Comparison of group 4 and thorium M(IV) substituted cyclopentadienyl silanide complexes.

We report the synthesis and characterisation of a series of M(IV) substituted cyclopentadienyl hypersilanide complexes of the general formula [M(Cp R ) 2 {Si(SiMe 3 ) 3 }(X)] (M = Hf, Th; Cp R = Cp', {C 5 H 4 (SiMe 3 )} or Cp'', {C 5 H 3 (SiMe 3 ) 2 -1,3}; X = Cl, C 3 H 5 ). The separate salt metathesis reactions of [M(Cp R ) 2 (Cl) 2 ] (M = Zr or Hf, Cp R = Cp'; M = Hf or Th, Cp R = Cp'') with equimolar K{Si(SiMe 3 ) 3 } gave the respective mono-silanide complexes [M(Cp') 2 {Si(SiMe 3 ) 3 }(Cl)] (M = Zr, 1; Hf, 2), [Hf(Cp'')(Cp'){Si(SiMe 3 ) 3 }(Cl)] (3) and [Th(Cp'') 2 {Si(SiMe 3 ) 3 }(Cl)] (4), with only a trace amount of 3 presumably formed via silatropic and sigmatropic shifts; the synthesis of 1 from [Zr(Cp') 2 (Cl) 2 ] and Li{Si(SiMe 3 ) 3 } has been reported previously.

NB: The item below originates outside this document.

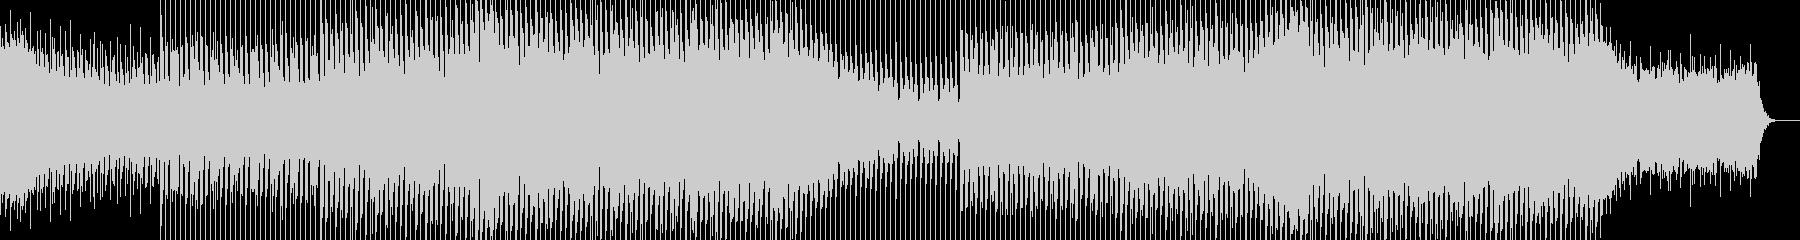 EDMポップで明るいクラブ系-16の未再生の波形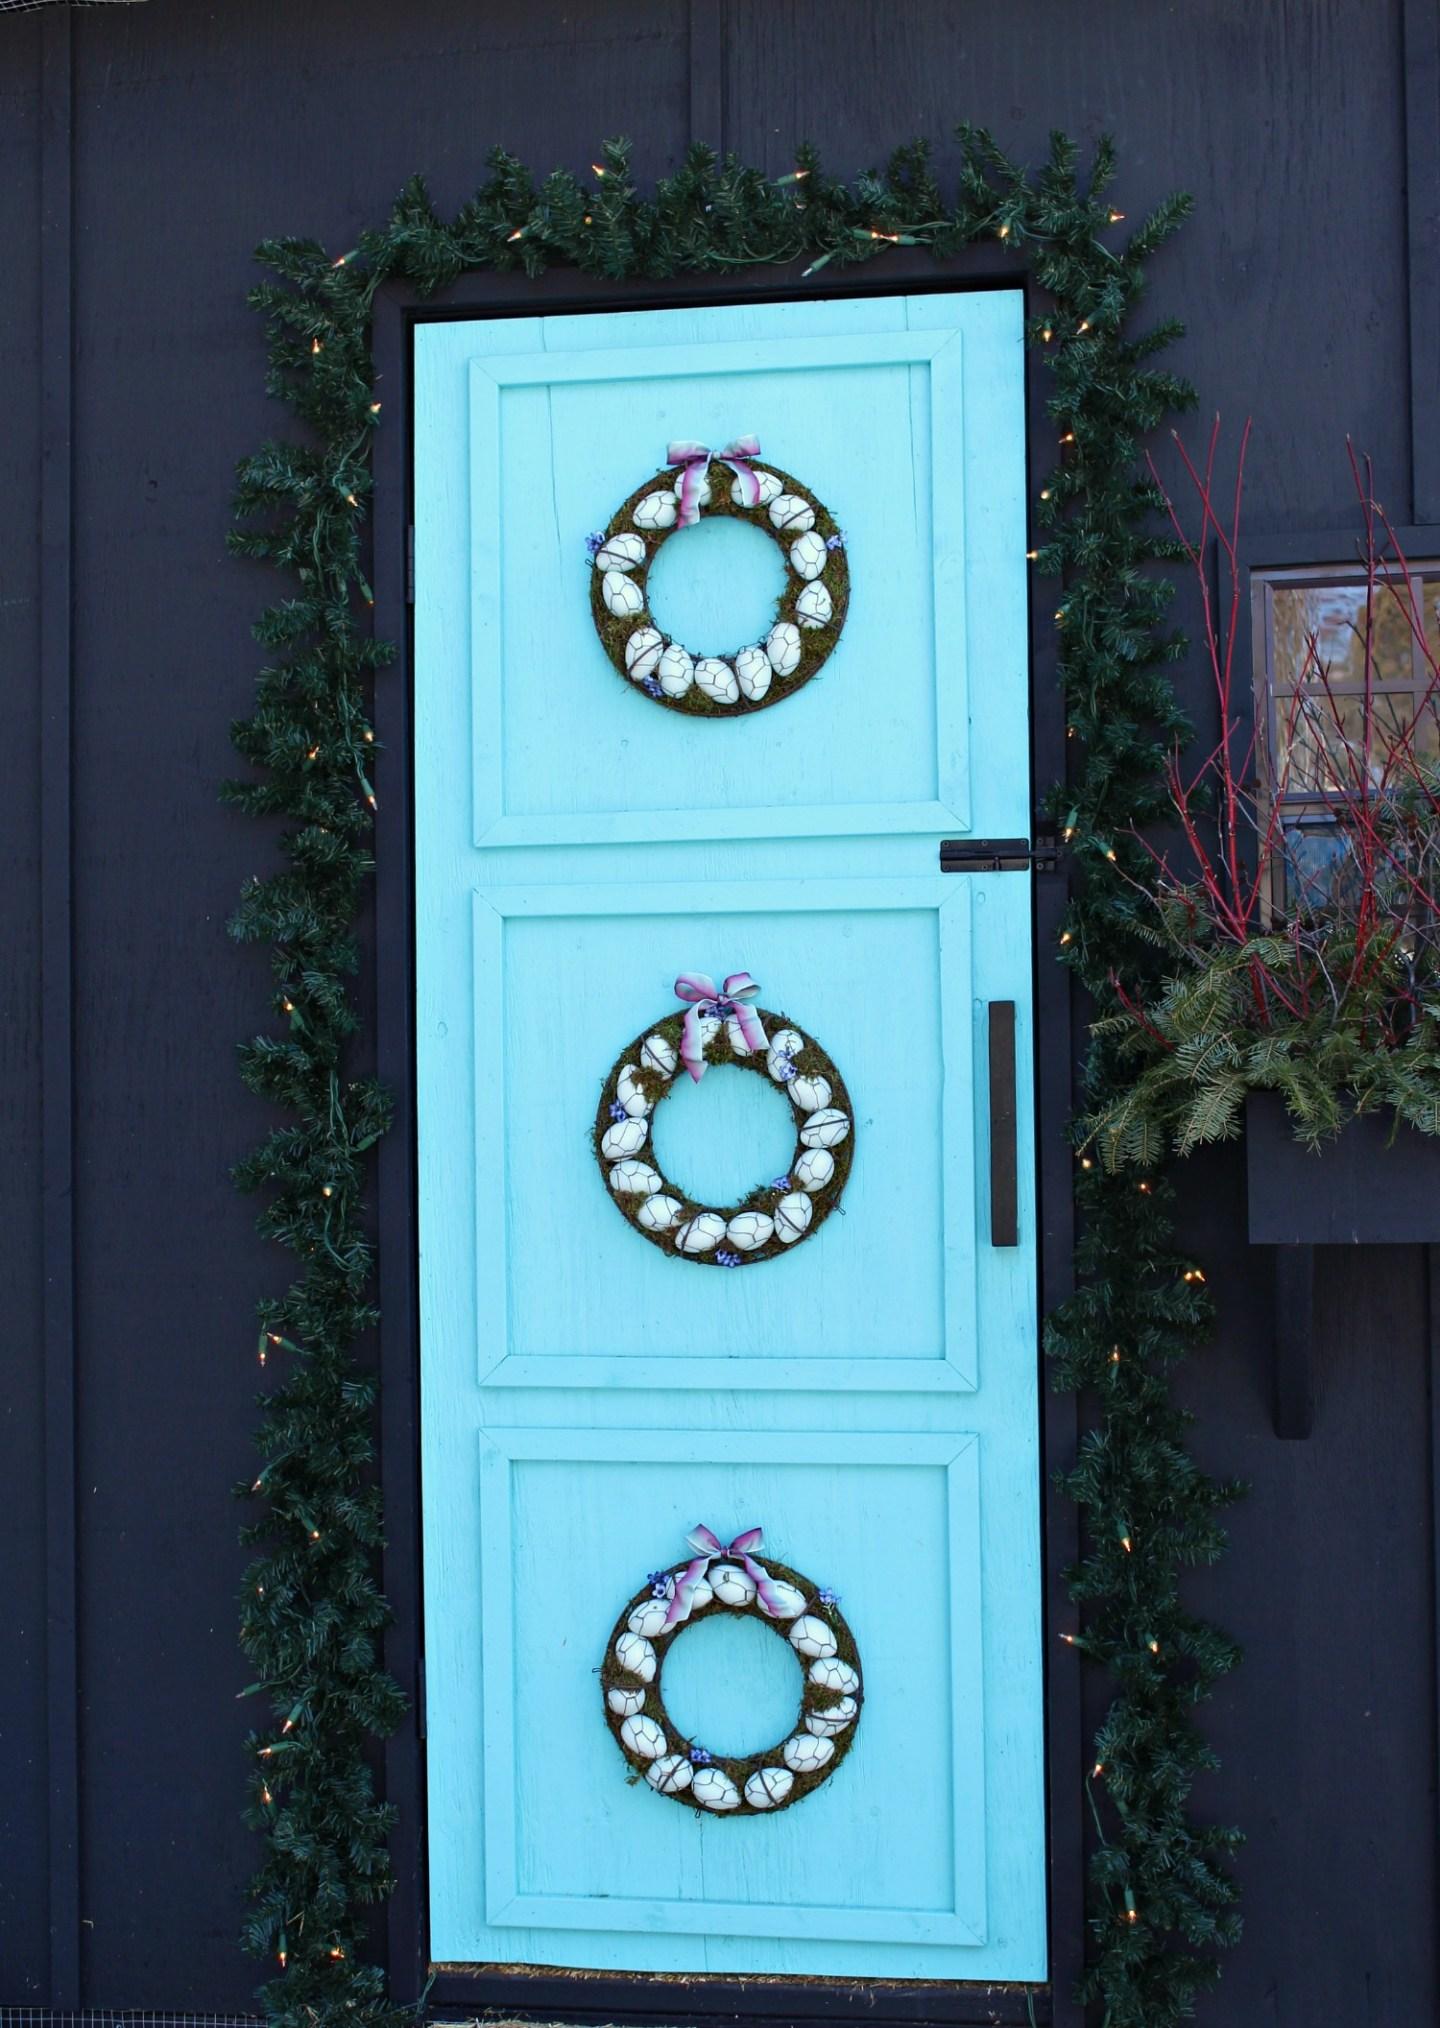 Turquoise Egg Wreath

The salt elimination reaction of 2 with one equivalent of allylmagnesium chloride gave [Hf(Cp') 2 {Si(SiMe 3 ) 3 }(η 3 -C 3 H 5 )] (5), whilst the corresponding reaction of 2 with equimolar benzyl potassium yielded [Hf(Cp') 2 (CH 2 Ph) 2 ] (6) together with a mixture of other products, with elimination of both KCl and K{Si(SiMe 3 ) 3 }. Attempts to prepare isolated [M(Cp R ) 2 {Si(SiMe 3 ) 3 }] + cations from 4 or 5 by standard abstraction methodologies were unsuccessful. The reduction of 4 with KC 8 gave the known Th(III) complex, [Th(Cp'') 3 ]. Complexes 2-6 were characterised by single crystal XRD, whilst 2, 4 and 5 were additionally characterised by 1 H, 13 C{ 1 H} and 29 Si{ 1 H} NMR spectroscopy, ATR-IR spectroscopy and elemental analysis. In order to probe differences in M(IV)-Si bonds for d- and f-block metals we studied the electronic structures of 1-5 by density functional theory calculations, showing M-Si bonds of similar covalency for Zr(IV) and Hf(IV), and less covalent M-Si bonds for Th(IV).